Do not use this skill when the user asks for fabricated results, unsupported claims, or out-of-scope conclusions.
Do not use this skill when a simpler direct answer is more appropriate than the documented workflow.
Required Inputs
A clearly specified task goal aligned with the documented scope.
All required files, identifiers, parameters, or environment variables before execution.
Any domain constraints, formatting requirements, and expected output destination if applicable.
Recommended Workflow
Validate the request against the skill boundary and confirm all required inputs are present.
Select the documented execution path and prefer the simplest supported command or procedure.
Produce the expected output using the documented file format, schema, or narrative structure.
Run a final validation pass for completeness, consistency, and safety before returning the result.
Deterministic Output Rules
Use the same section order for every supported request of this skill.
Keep output field names stable and do not rename documented keys across examples.
If a value is unavailable, emit an explicit placeholder instead of omitting the field.
Output Contract
Return a structured deliverable that is directly usable without reformatting.
If a file is produced, prefer a deterministic output name such as geopandas_result.md unless the skill documentation defines a better convention.
Include a short validation summary describing what was checked, what assumptions were made, and any remaining limitations.
Validation and Safety Rules
Validate required inputs before execution and stop early when mandatory fields or files are missing.
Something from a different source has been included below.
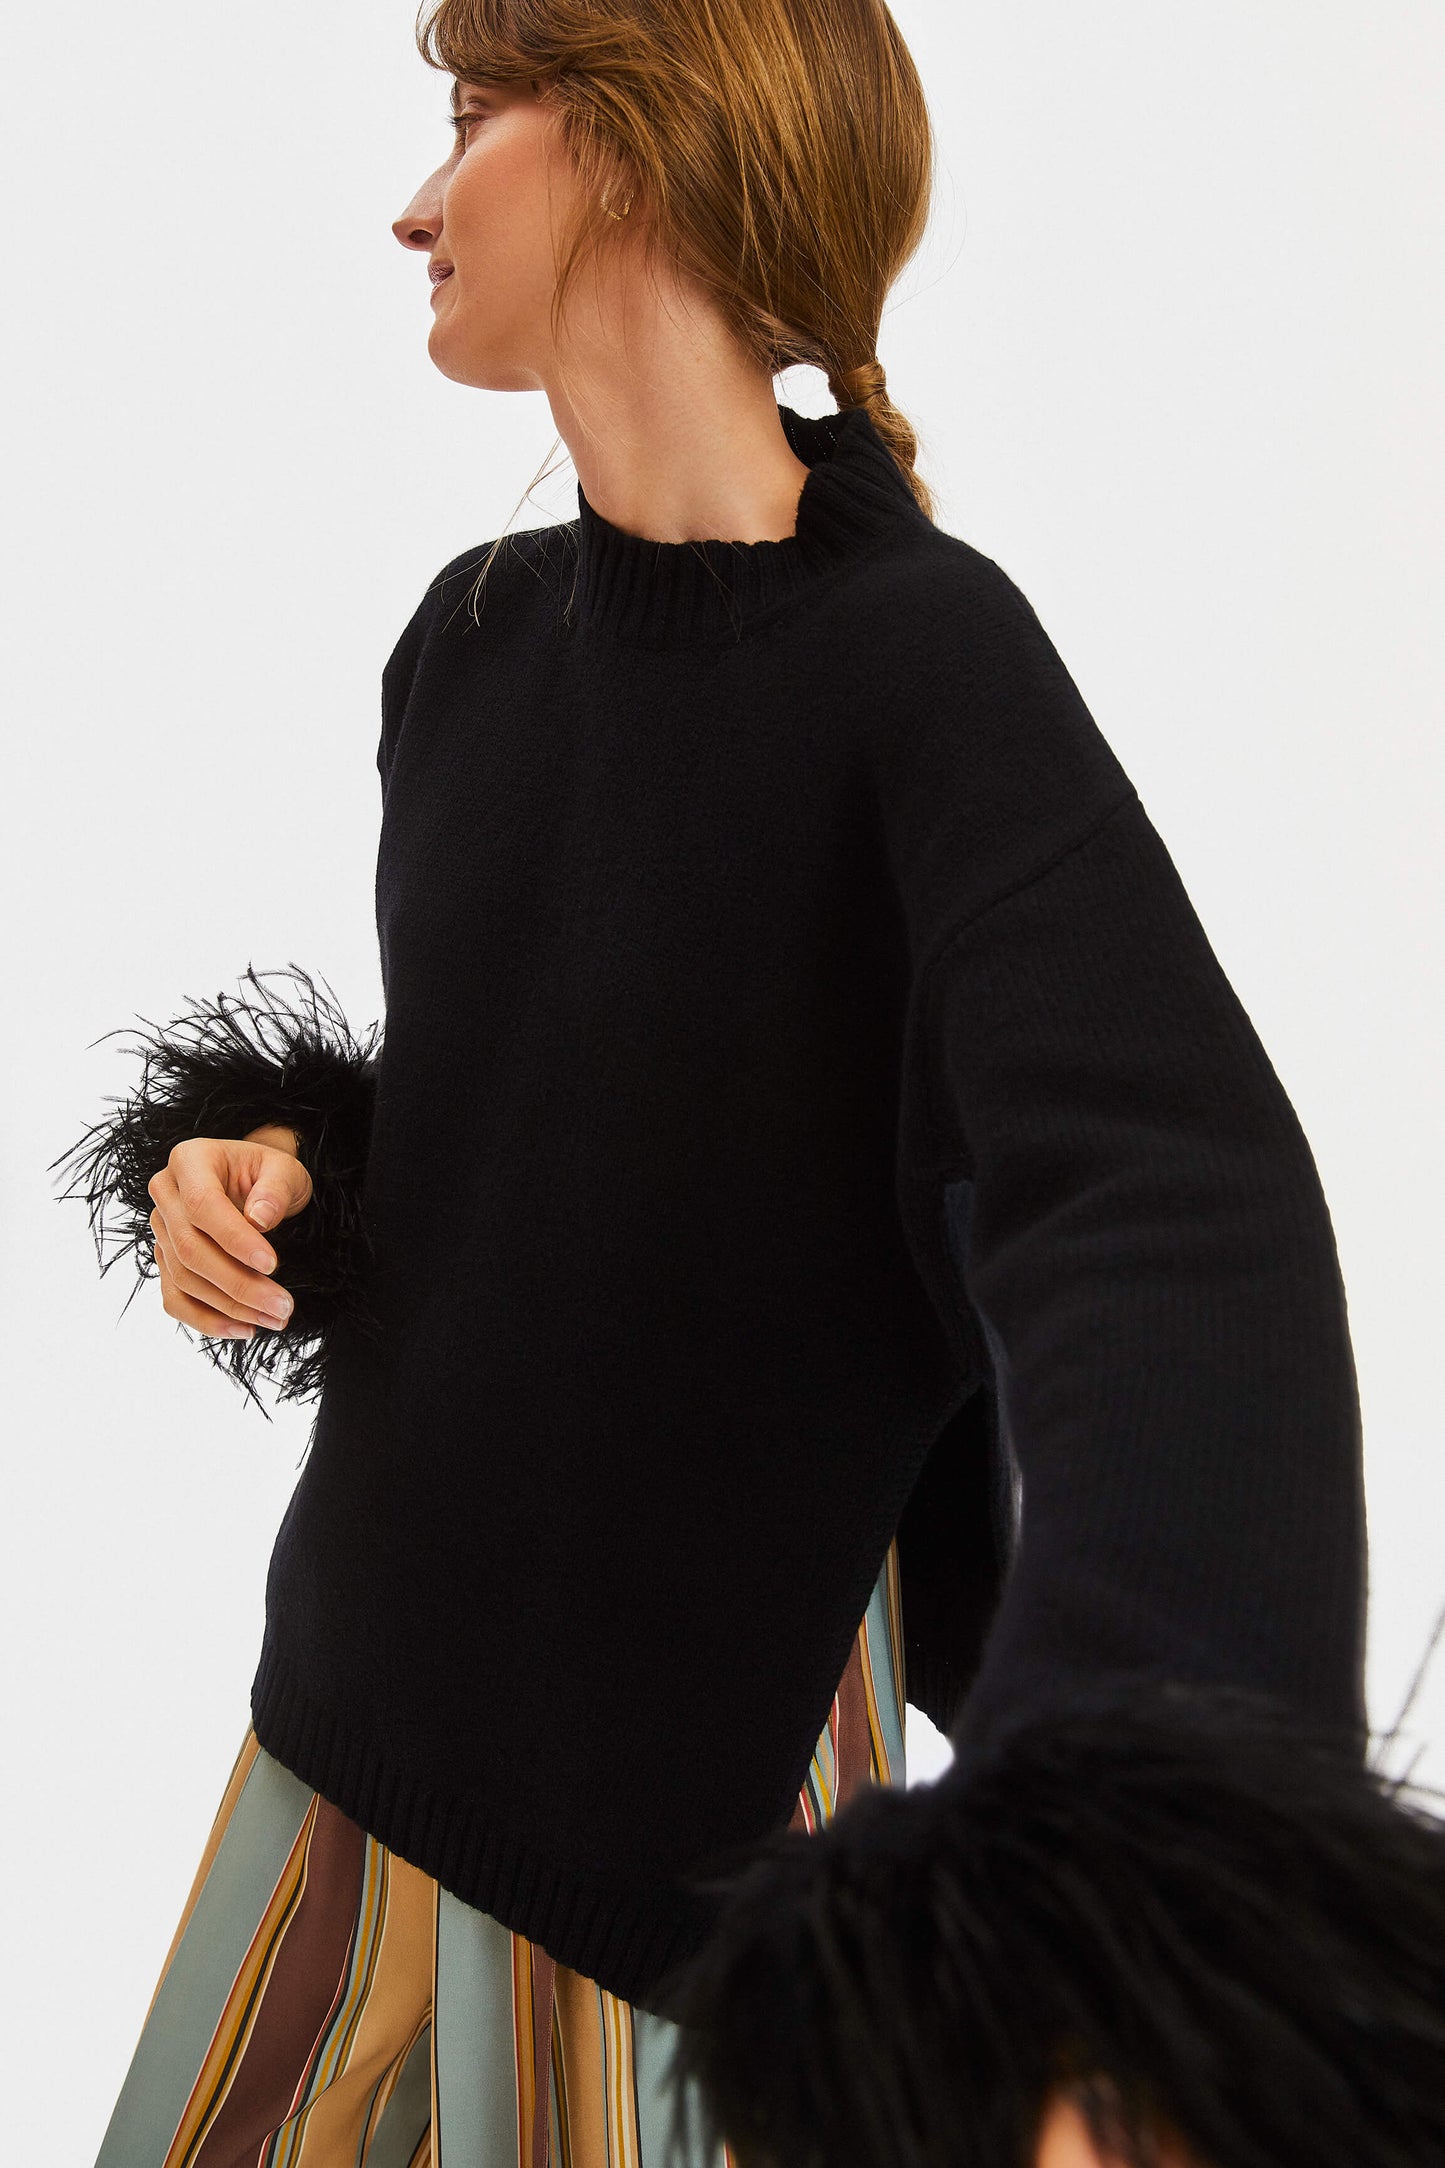 Agatha Wool Sweater in Black

Do not fabricate measurements, references, findings, or conclusions that are not supported by the provided source material.
Emit a clear warning when credentials, privacy constraints, safety boundaries, or unsupported requests affect the result.
Keep the output safe, reproducible, and within the documented scope at all times.
Failure Handling
If validation fails, explain the exact missing field, file, or parameter and show the minimum fix required.
If an external dependency or script fails, surface the command path, likely cause, and the next recovery step.
If partial output is returned, label it clearly and identify which checks could not be completed.
Completion Checklist
Confirm all required inputs were present and valid.
Confirm the supported execution path completed without unresolved errors.
Confirm the final deliverable matches the documented format exactly.
Confirm assumptions, limitations, and warnings are surfaced explicitly.
Quick Validation
Run this minimal verification path before full execution when possible:
No local script validation step is required for this skill.
Expected output format:
Result file: geopandas_result.md
Validation summary: PASS/FAIL with brief notes
Assumptions: explicit list if any
Scope Reminder
Core purpose: A Python library for reading, writing, and analyzing geospatial vector data; use it when you need spatial operations (buffer/overlay/join), CRS reprojection, or map visualization on formats like Shapefile/GeoJSON/GeoPackage or PostGIS.